> _TRY IT_
Output, exactly as written, the lines below starting at the line containing "aya set of de" and ending at the line containing "Fantastic Reptilian Girl.". Drop the pictures and keep both end lines.

> _SOURCE MATERIAL_
==========
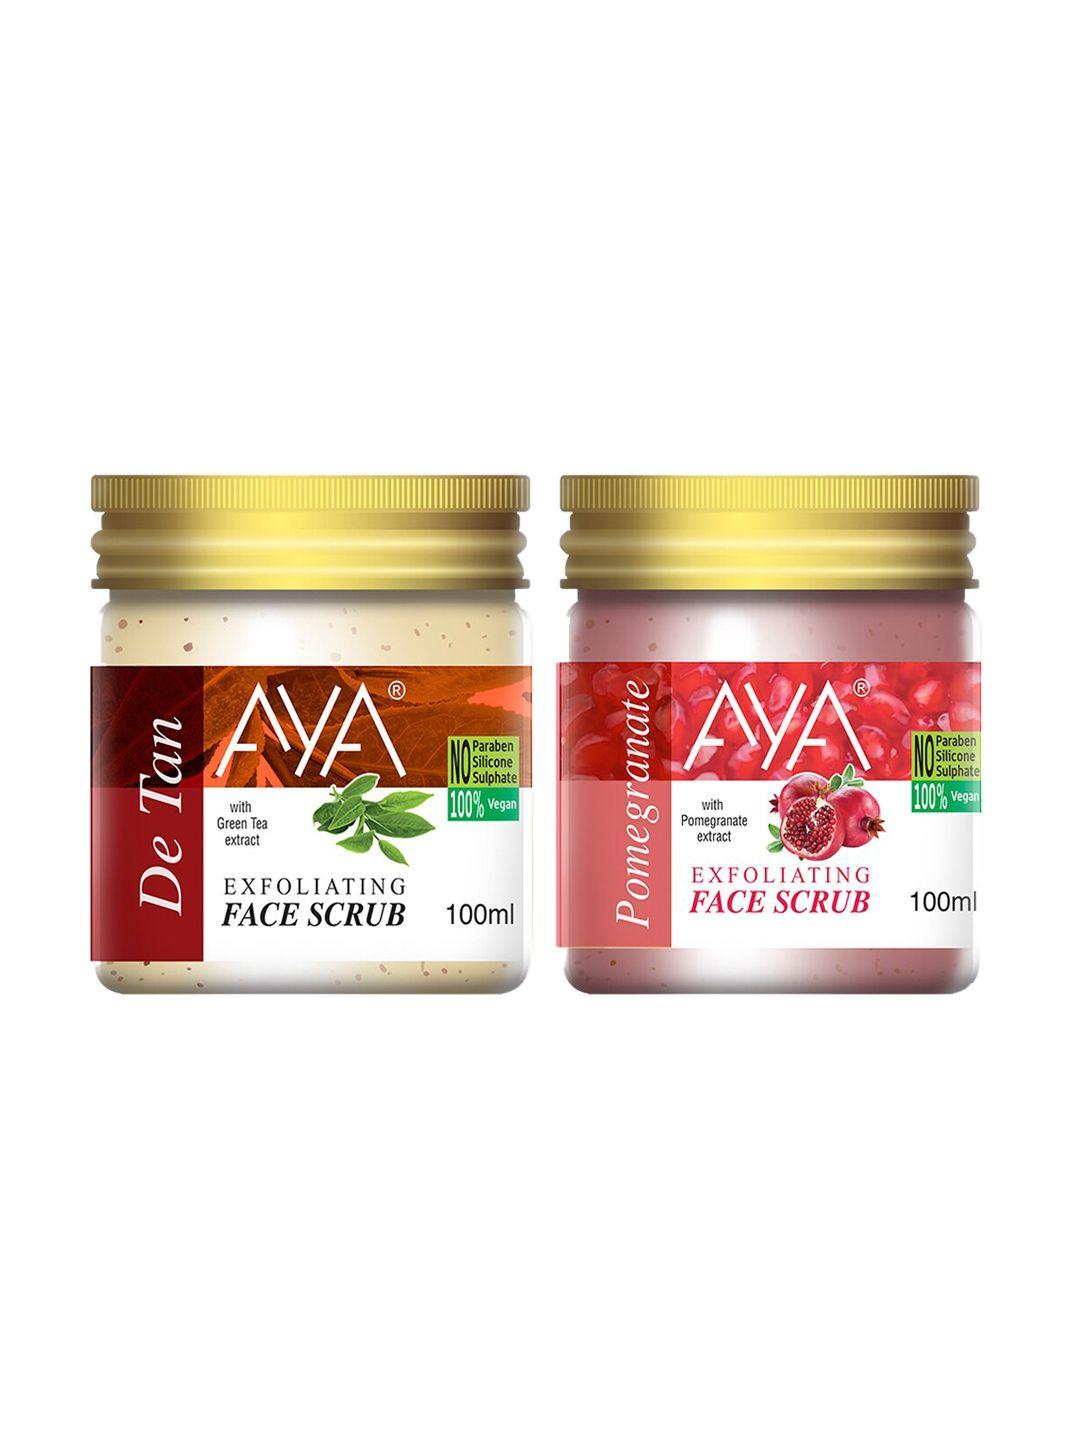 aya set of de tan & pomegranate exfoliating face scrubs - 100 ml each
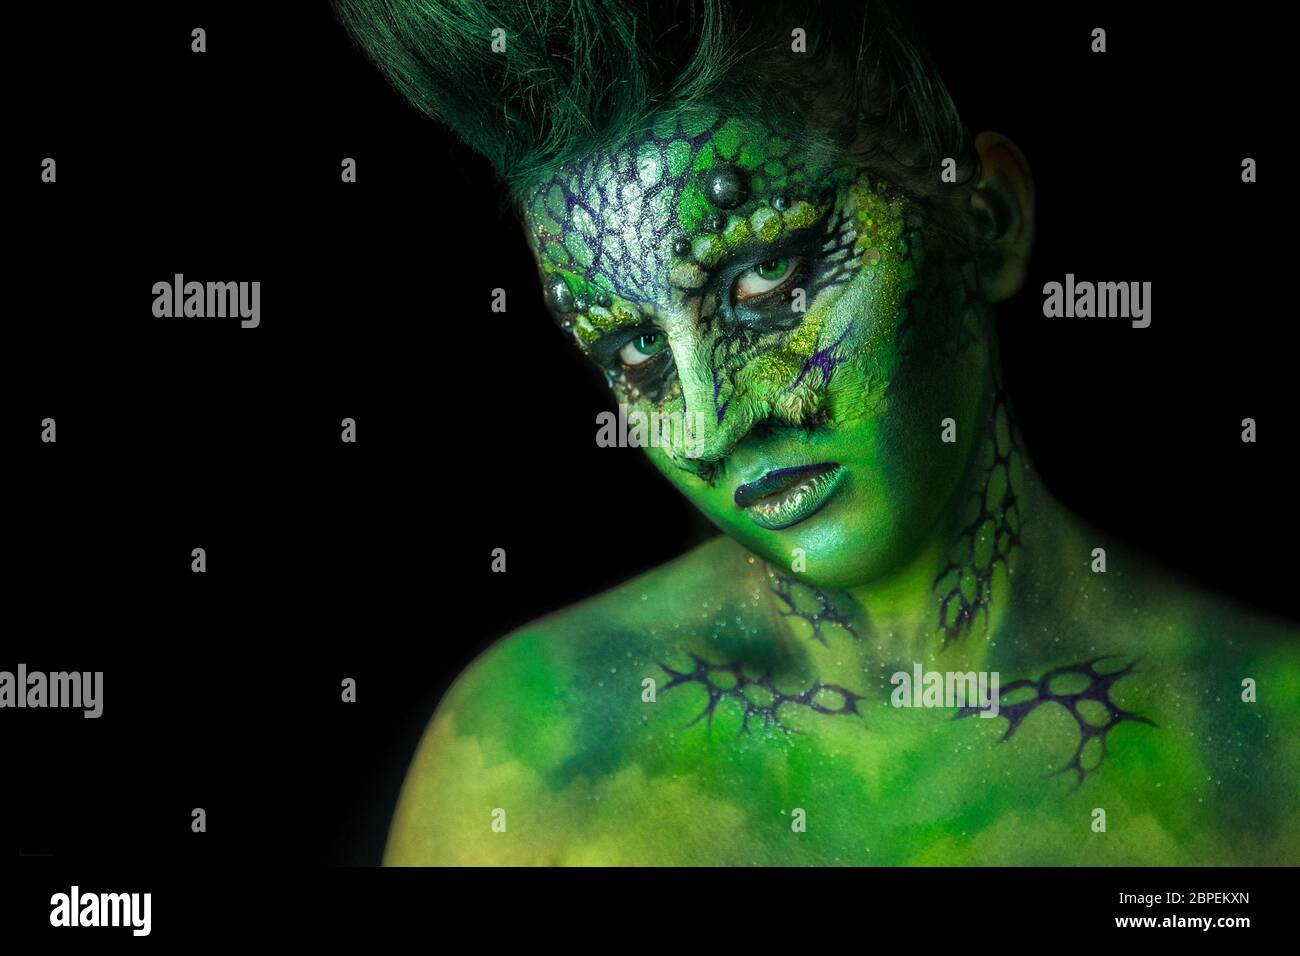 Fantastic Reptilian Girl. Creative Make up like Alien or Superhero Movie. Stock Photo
==========
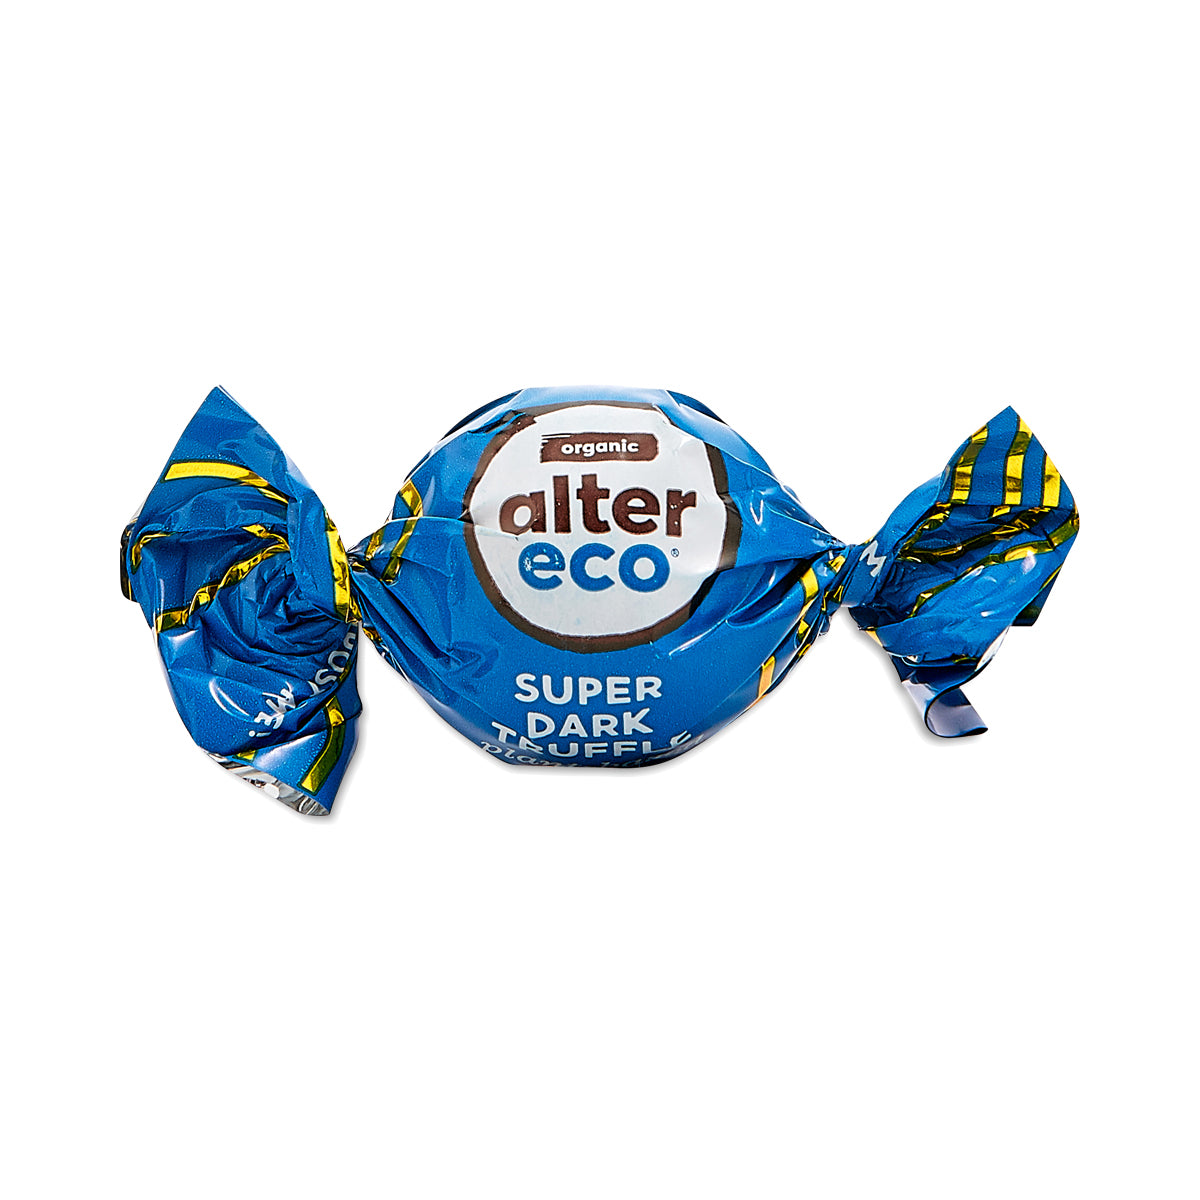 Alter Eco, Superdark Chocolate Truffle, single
==========
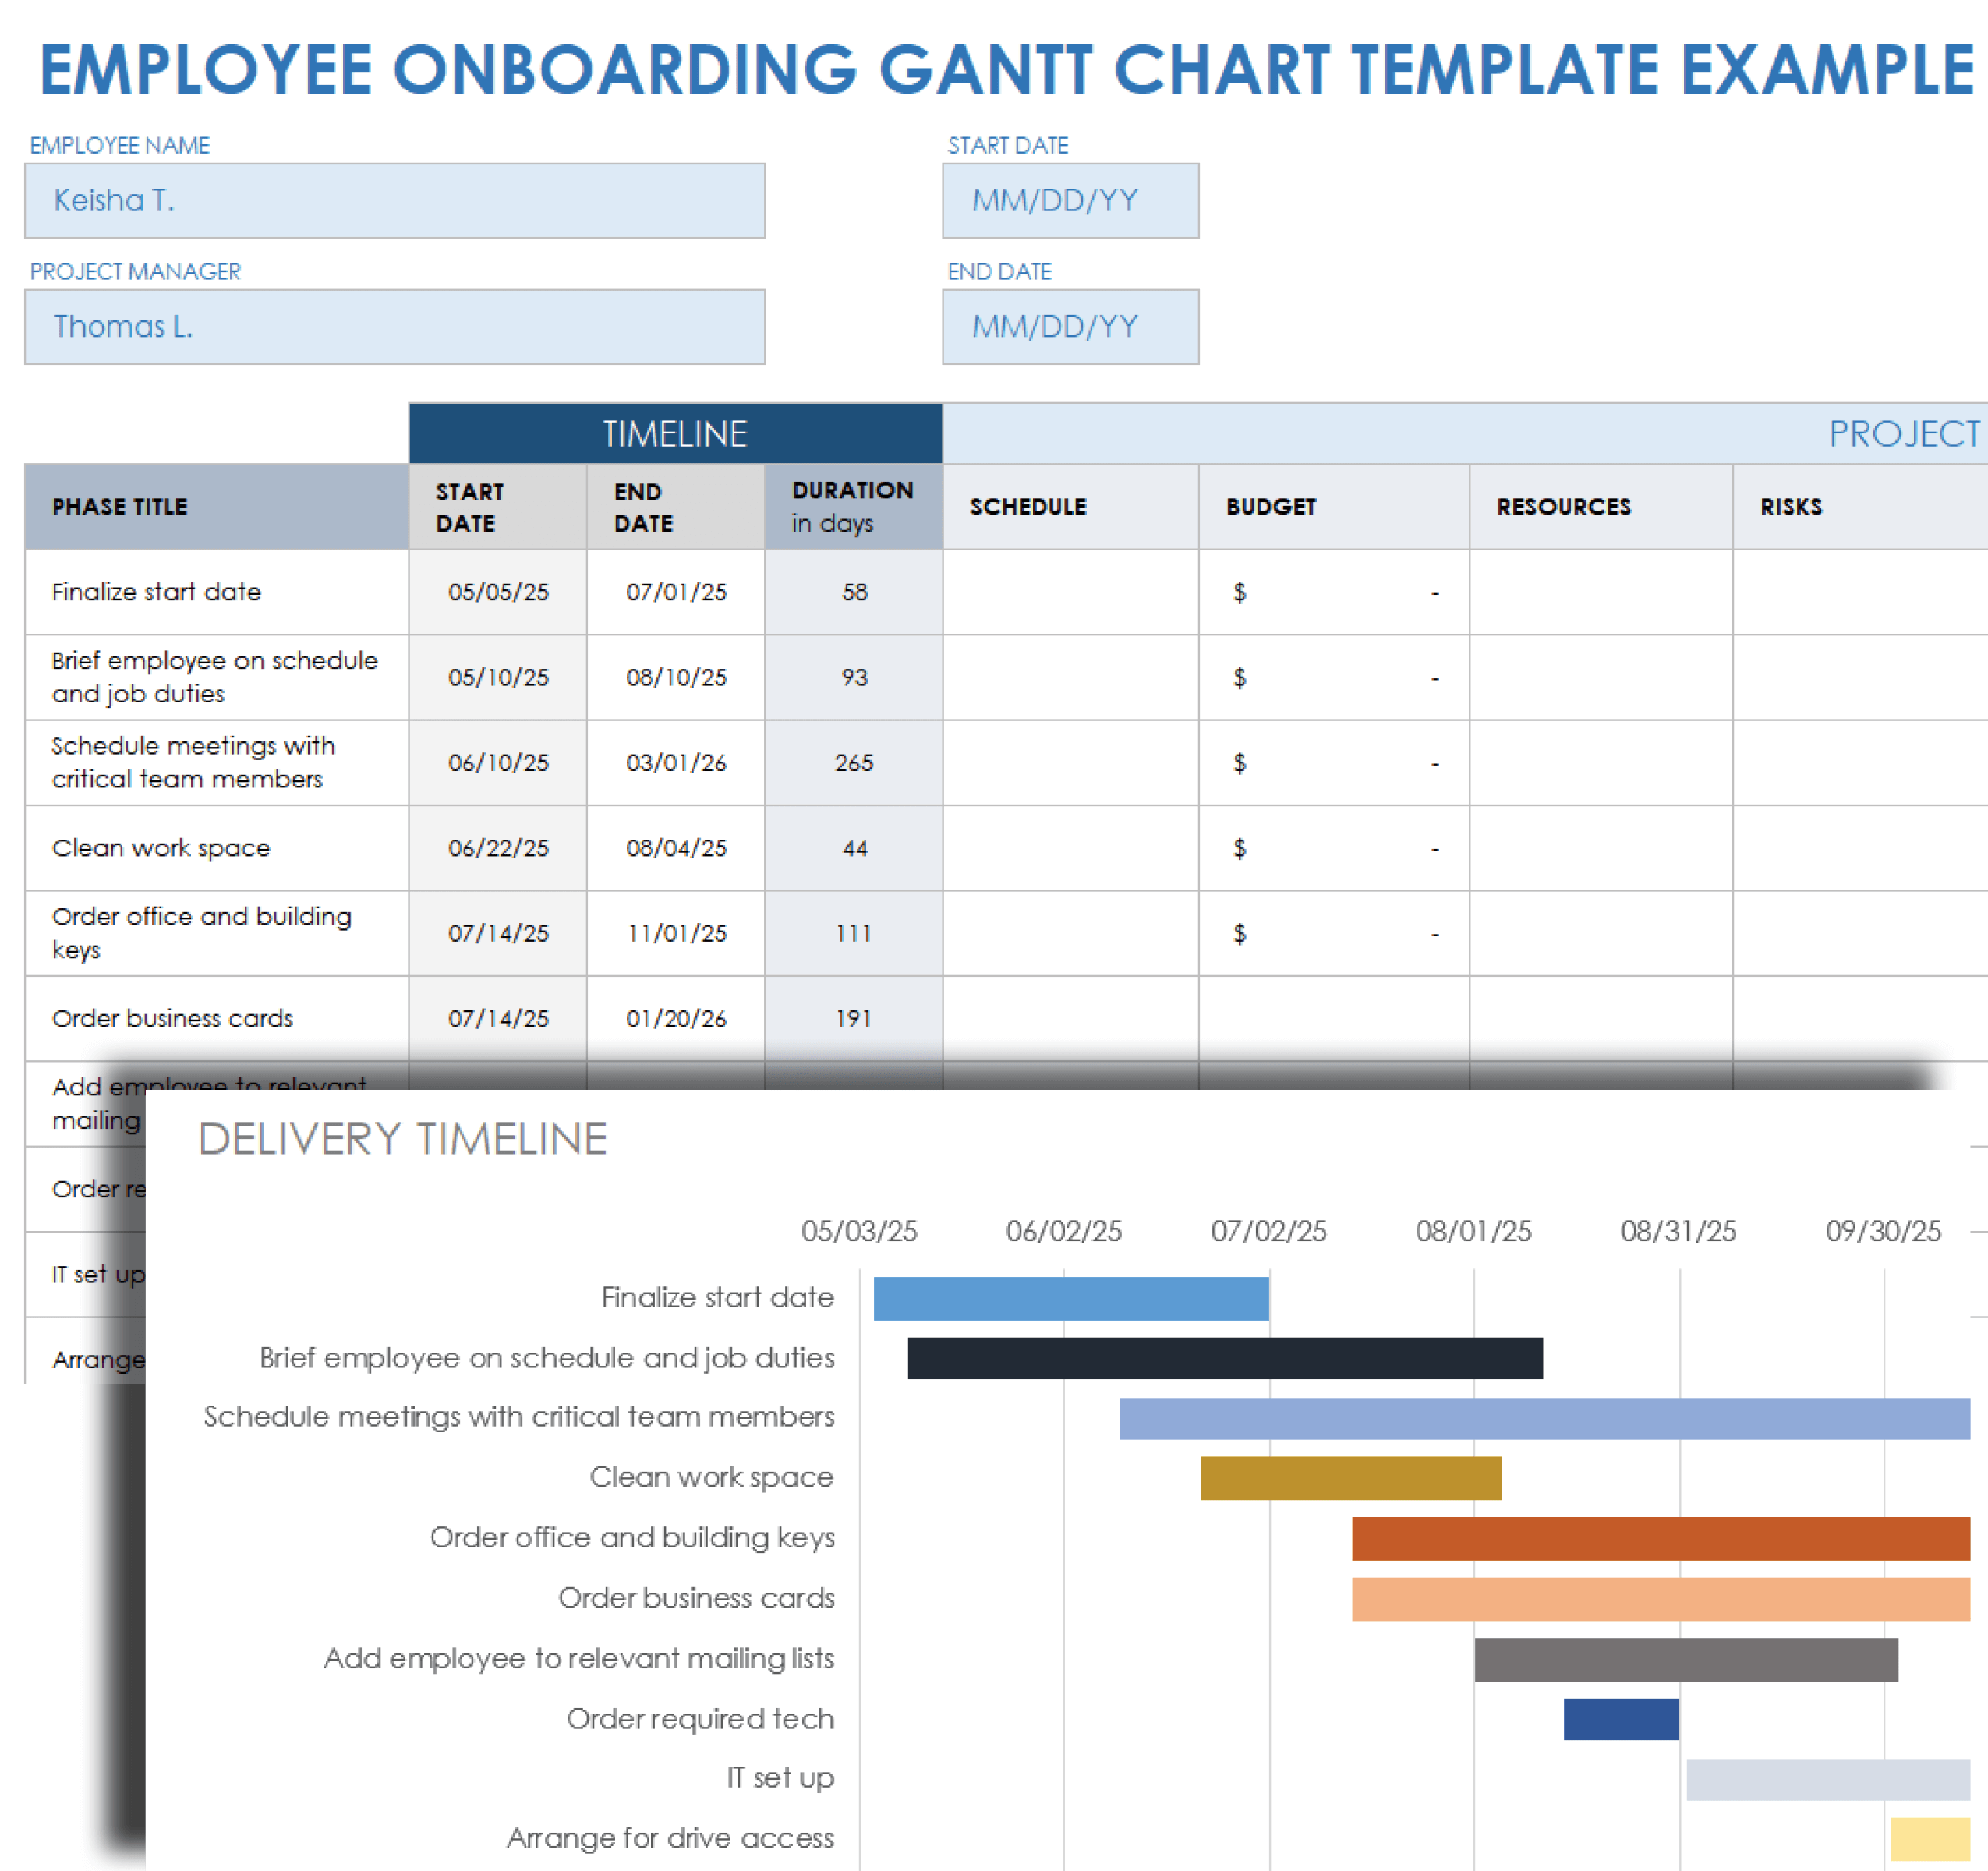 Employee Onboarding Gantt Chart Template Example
==========
> _WRITTEN SOLUTION_
 aya set of de tan & pomegranate exfoliating face scrubs - 100 ml each
 Fantastic Reptilian Girl. Creative Make up like Alien or Superhero Movie. Stock Photo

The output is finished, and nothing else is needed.